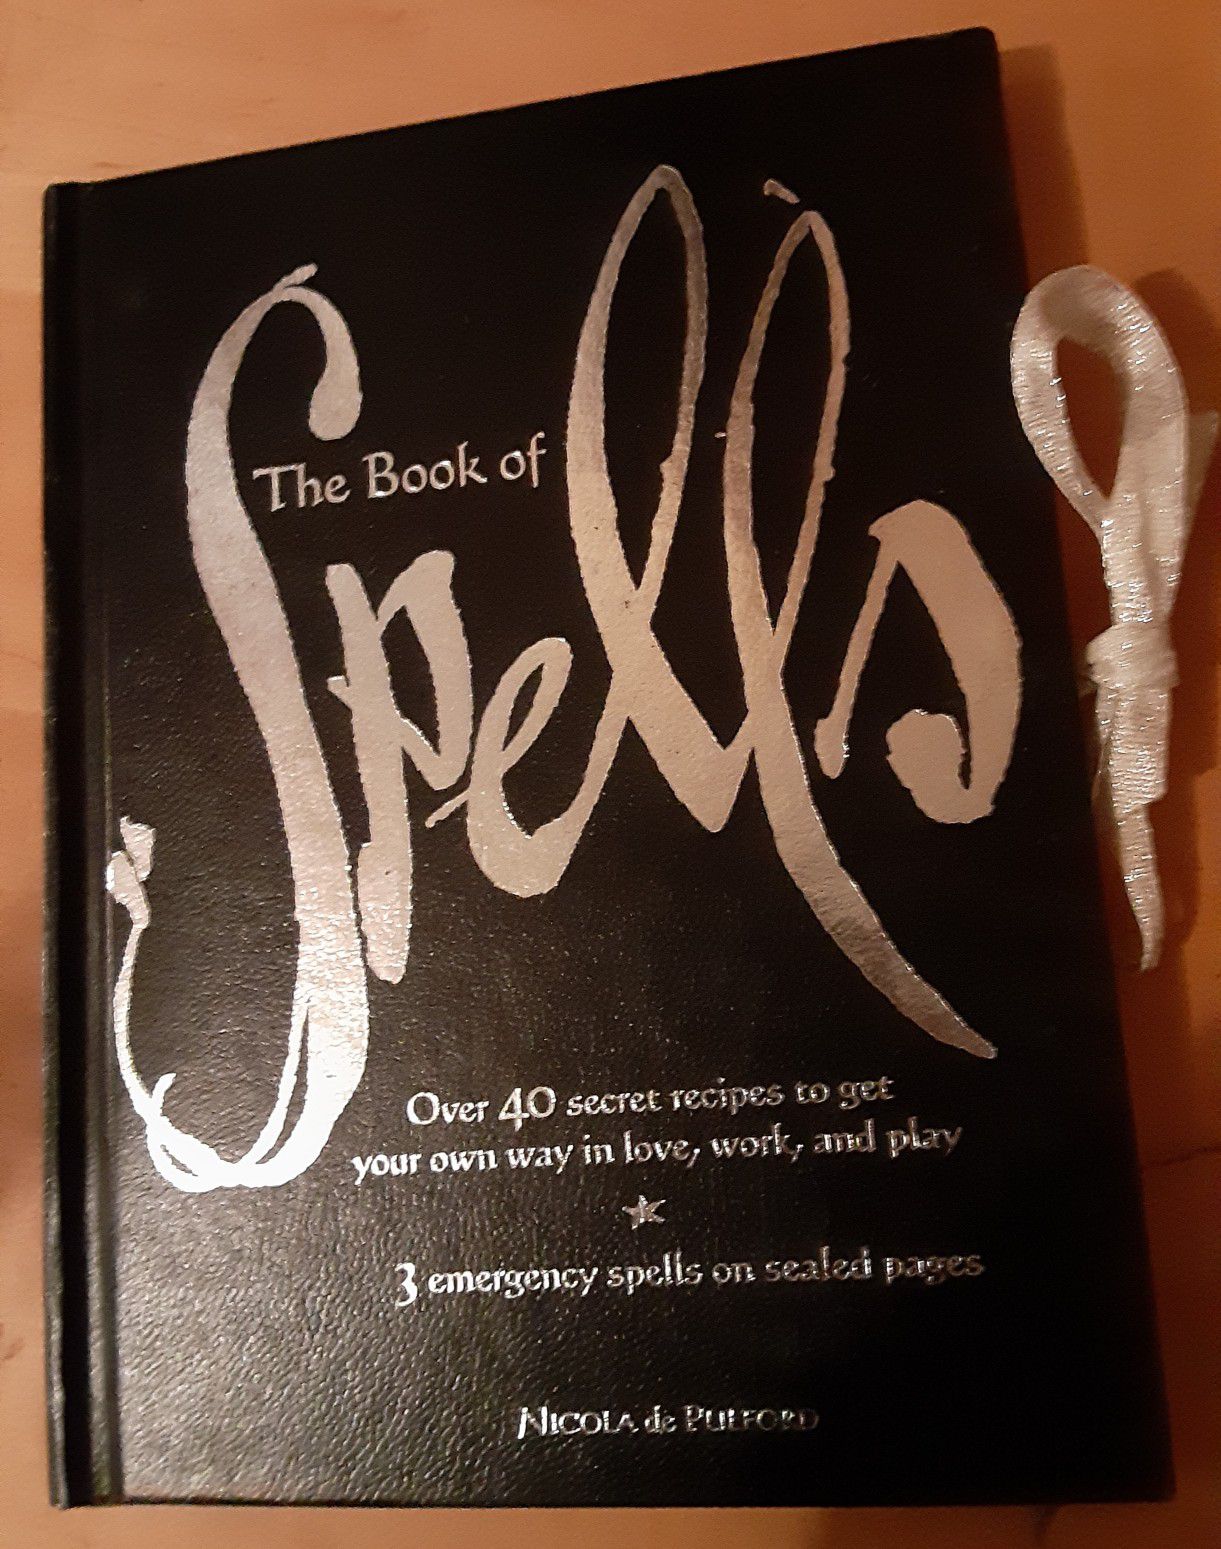 Book of spells
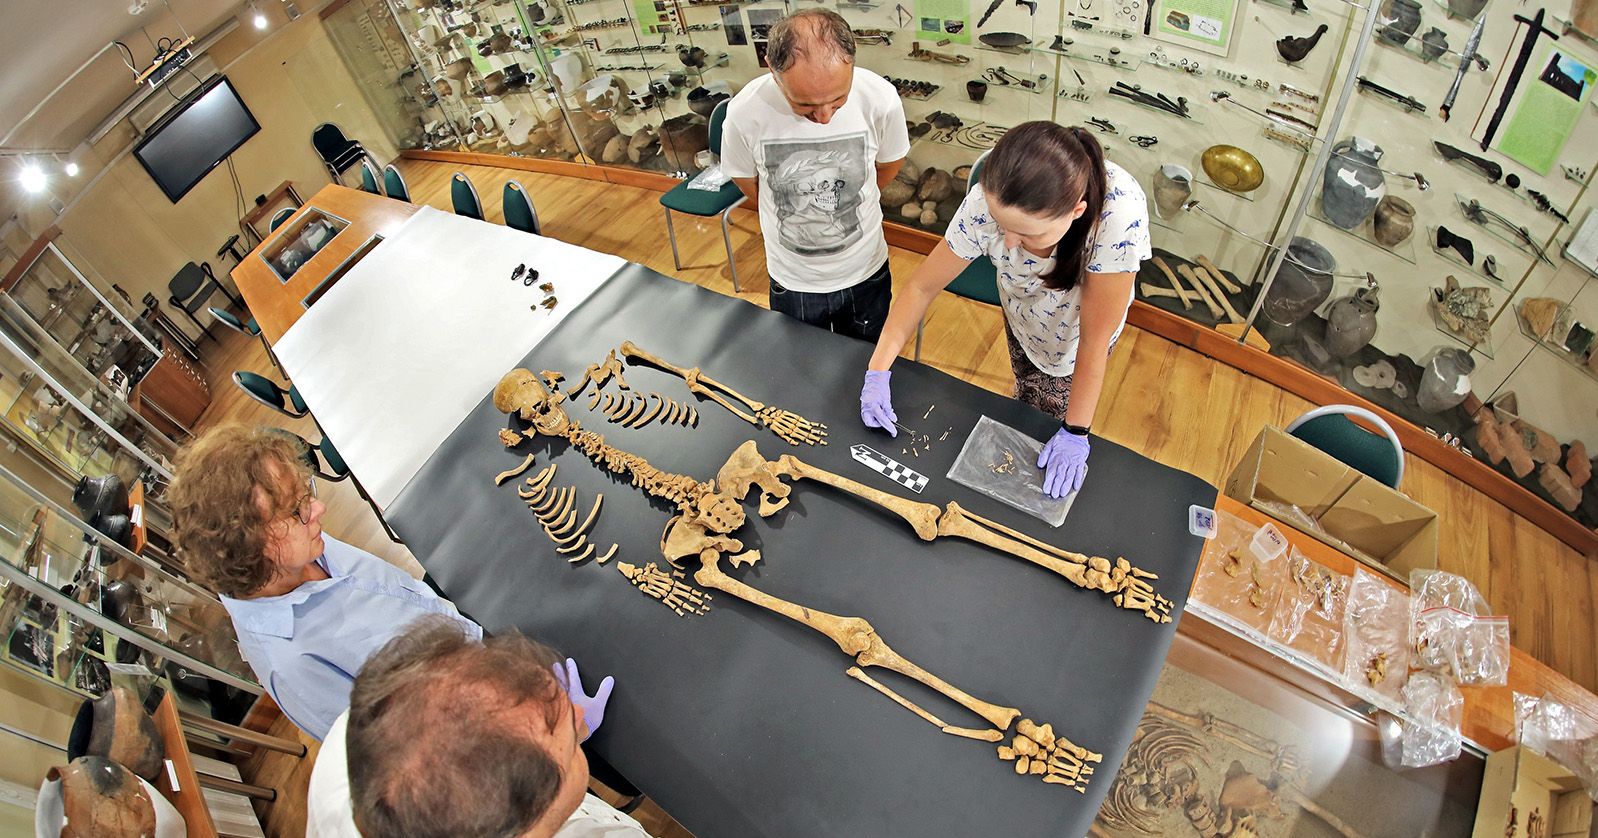 Naukowcy odnaleźli w Pniu szkielet ciężarnej kobiety ze ściętym ramieniem. Kościec prawdopodobnie uszkodzono kopiąc obok kolejny grób. Naukowcy stoją nad odnalezionym w Pniu szkieletem kobiety ze ściętym ramieniem. Szkielet został rozłożony na czarnej materii wśród gablot z rekwizytami w Instytucie Archeologii UMK.
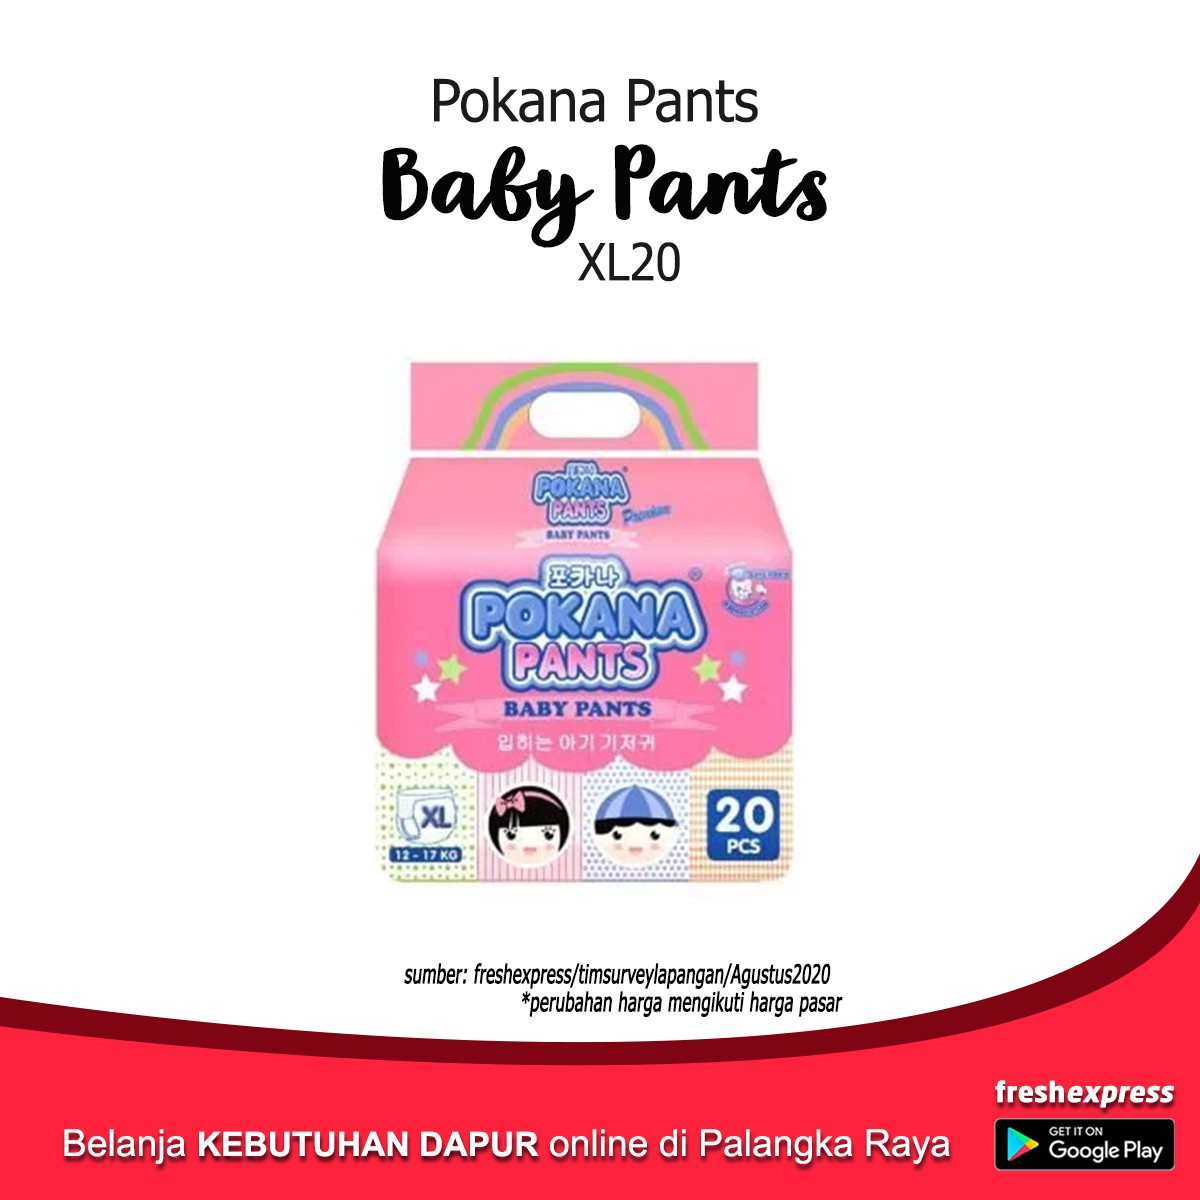 Pokana Pants Baby Pants XL20
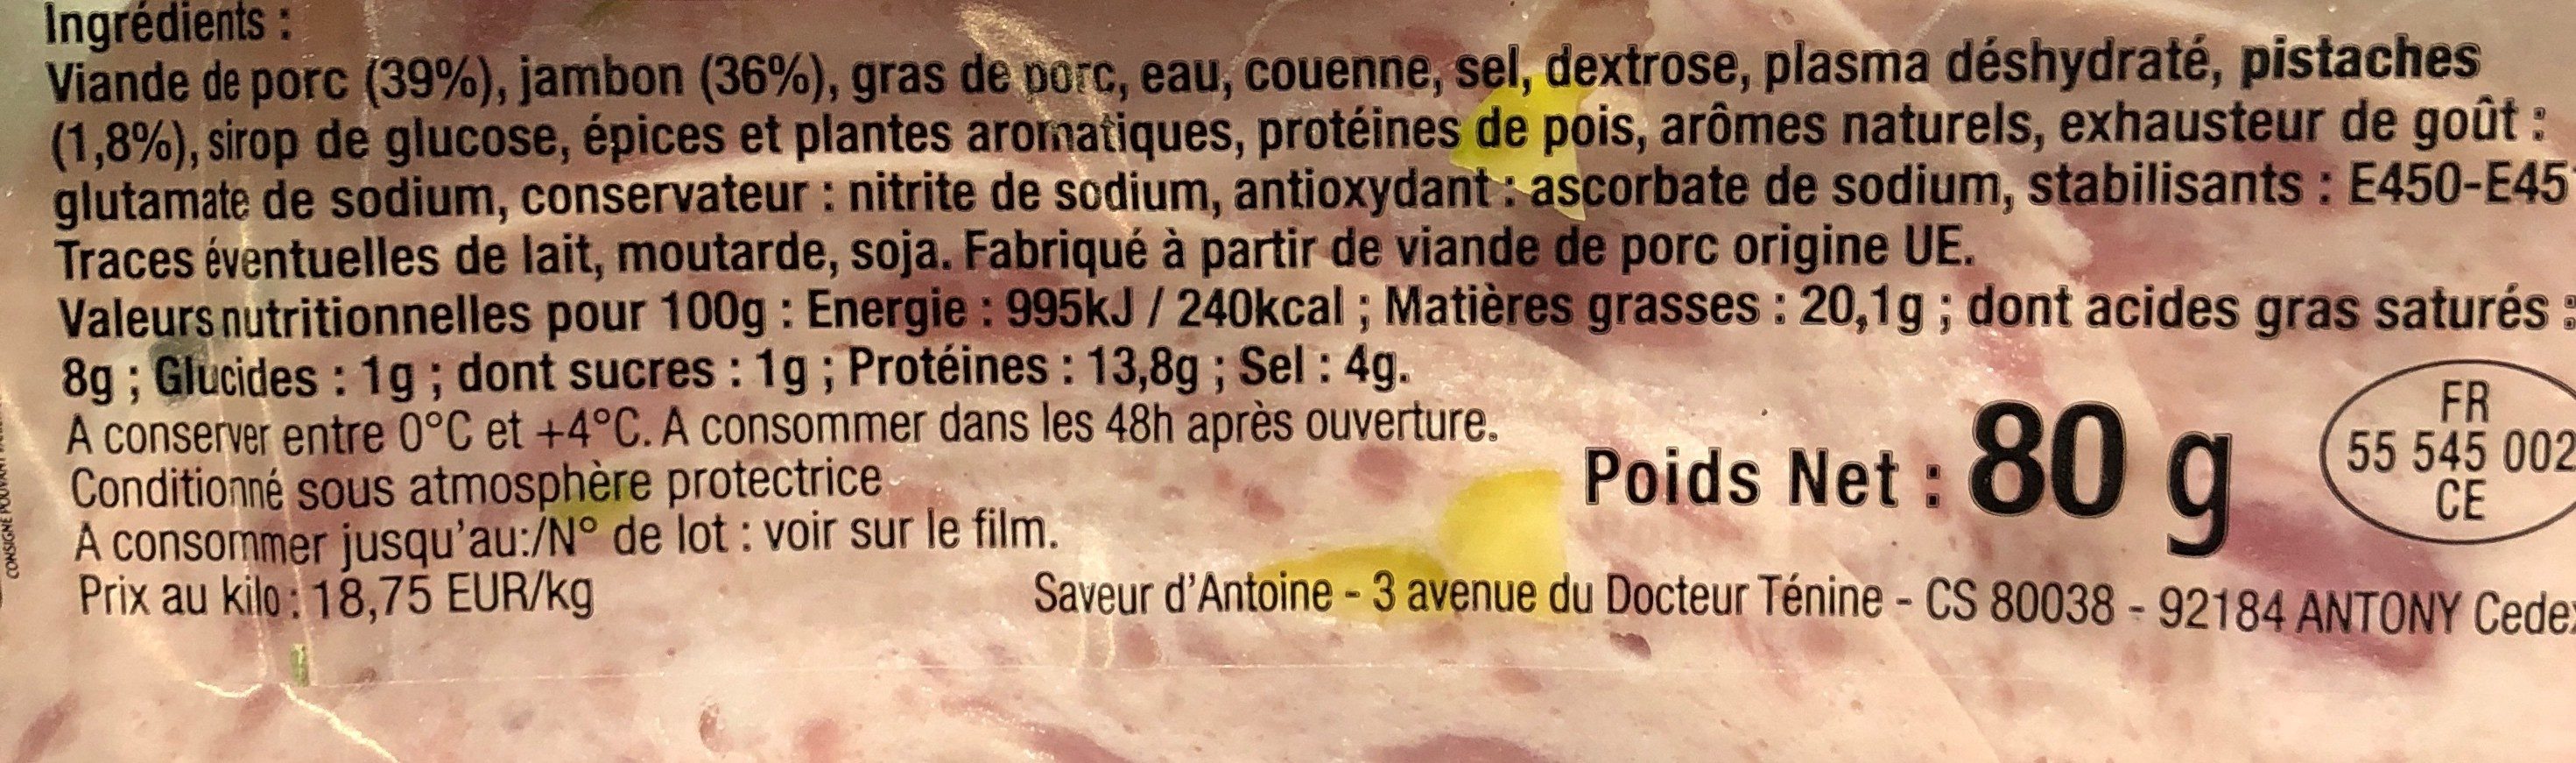 Roulade au jambon pistachee - Ingredients - fr

....

_Task description_
In your copy of the data above, leave out the pictures and repeat everything else exactly.

_Answer for this exercise_
 Book of spells
 Naukowcy odnaleźli w Pniu szkielet ciężarnej kobiety ze ściętym ramieniem. Kościec prawdopodobnie uszkodzono kopiąc obok kolejny grób. Naukowcy stoją nad odnalezionym w Pniu szkieletem kobiety ze ściętym ramieniem. Szkielet został rozłożony na czarnej materii wśród gablot z rekwizytami w Instytucie Archeologii UMK.
 Pokana Pants Baby Pants XL20
 Roulade au jambon pistachee - Ingredients - fr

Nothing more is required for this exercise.